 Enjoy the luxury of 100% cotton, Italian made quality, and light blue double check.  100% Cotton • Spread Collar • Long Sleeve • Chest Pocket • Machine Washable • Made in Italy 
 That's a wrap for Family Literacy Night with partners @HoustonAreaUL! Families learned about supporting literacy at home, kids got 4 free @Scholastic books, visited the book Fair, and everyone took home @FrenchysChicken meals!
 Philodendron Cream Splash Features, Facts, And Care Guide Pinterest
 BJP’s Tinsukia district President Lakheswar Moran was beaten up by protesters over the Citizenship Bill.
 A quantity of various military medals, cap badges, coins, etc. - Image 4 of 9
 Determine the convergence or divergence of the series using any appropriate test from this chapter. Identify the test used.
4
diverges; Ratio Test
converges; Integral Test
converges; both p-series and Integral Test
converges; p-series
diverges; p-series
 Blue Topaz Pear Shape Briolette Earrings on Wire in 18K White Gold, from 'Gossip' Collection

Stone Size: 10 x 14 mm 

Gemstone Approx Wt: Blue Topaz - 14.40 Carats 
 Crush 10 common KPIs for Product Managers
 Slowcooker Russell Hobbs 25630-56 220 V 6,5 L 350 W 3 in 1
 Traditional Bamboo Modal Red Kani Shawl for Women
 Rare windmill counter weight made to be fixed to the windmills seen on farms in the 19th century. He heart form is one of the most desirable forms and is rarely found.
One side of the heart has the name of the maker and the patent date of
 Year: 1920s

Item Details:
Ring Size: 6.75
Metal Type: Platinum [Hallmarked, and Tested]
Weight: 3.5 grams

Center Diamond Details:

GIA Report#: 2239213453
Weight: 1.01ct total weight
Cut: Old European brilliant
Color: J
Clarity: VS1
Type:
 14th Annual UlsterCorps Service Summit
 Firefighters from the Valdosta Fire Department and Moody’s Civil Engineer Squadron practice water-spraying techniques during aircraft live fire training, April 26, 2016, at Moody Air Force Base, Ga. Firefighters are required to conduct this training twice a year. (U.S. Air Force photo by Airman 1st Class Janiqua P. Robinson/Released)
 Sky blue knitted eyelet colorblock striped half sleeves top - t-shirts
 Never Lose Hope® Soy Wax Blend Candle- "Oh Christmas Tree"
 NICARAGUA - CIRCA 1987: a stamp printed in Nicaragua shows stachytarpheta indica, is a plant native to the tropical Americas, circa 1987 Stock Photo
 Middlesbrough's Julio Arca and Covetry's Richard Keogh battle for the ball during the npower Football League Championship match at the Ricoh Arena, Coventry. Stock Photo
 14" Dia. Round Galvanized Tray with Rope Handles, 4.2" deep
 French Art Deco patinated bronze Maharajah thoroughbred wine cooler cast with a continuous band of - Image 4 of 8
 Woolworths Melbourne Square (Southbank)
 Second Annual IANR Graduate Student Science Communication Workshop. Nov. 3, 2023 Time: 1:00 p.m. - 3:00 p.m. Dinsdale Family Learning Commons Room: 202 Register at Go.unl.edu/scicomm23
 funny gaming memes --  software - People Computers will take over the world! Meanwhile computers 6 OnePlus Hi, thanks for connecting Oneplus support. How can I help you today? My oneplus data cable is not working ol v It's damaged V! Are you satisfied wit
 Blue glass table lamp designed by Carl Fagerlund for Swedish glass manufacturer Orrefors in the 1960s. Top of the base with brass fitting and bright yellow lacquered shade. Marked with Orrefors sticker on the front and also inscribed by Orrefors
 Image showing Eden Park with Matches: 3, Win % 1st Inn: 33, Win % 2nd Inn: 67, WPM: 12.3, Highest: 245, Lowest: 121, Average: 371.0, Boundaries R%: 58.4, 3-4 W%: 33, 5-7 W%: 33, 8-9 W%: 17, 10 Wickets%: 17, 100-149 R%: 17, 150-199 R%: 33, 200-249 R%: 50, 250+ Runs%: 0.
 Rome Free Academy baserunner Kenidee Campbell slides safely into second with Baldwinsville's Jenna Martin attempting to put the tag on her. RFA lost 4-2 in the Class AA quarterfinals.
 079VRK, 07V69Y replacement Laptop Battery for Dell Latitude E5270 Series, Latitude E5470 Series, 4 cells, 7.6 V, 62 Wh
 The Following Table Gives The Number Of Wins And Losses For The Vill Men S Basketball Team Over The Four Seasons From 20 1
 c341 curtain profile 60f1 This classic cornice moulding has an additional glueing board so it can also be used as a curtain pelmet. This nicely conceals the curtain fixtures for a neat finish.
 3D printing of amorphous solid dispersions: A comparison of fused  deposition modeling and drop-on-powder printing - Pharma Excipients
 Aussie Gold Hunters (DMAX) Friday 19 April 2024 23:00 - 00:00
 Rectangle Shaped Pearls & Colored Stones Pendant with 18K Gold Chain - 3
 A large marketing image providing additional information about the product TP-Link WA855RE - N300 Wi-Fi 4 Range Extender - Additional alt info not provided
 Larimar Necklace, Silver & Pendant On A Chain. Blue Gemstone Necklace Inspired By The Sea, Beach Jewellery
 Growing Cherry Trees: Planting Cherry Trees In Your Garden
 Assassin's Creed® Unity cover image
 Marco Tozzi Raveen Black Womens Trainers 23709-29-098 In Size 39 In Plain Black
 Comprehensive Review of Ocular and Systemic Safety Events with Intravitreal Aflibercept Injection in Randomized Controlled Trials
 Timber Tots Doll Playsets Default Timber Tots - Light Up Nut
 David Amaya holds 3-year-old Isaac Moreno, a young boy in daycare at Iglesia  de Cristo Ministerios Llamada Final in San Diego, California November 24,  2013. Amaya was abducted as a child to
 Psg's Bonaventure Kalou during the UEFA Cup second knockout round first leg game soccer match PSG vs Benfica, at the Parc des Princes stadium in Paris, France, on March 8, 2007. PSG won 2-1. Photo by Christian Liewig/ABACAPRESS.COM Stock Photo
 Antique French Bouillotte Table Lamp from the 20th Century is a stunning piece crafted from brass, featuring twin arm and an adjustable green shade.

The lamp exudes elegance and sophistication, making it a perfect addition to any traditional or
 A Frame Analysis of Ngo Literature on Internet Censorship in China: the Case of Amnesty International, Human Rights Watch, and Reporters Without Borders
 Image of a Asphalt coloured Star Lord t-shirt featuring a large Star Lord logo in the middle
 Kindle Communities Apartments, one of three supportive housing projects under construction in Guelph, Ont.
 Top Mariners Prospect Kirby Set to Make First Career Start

• • •

§ **What is required**
All of the lines above that carry the string "diverges" need to be found and copied.

§ **Output for this exercise**
diverges; Ratio Test
diverges; p-series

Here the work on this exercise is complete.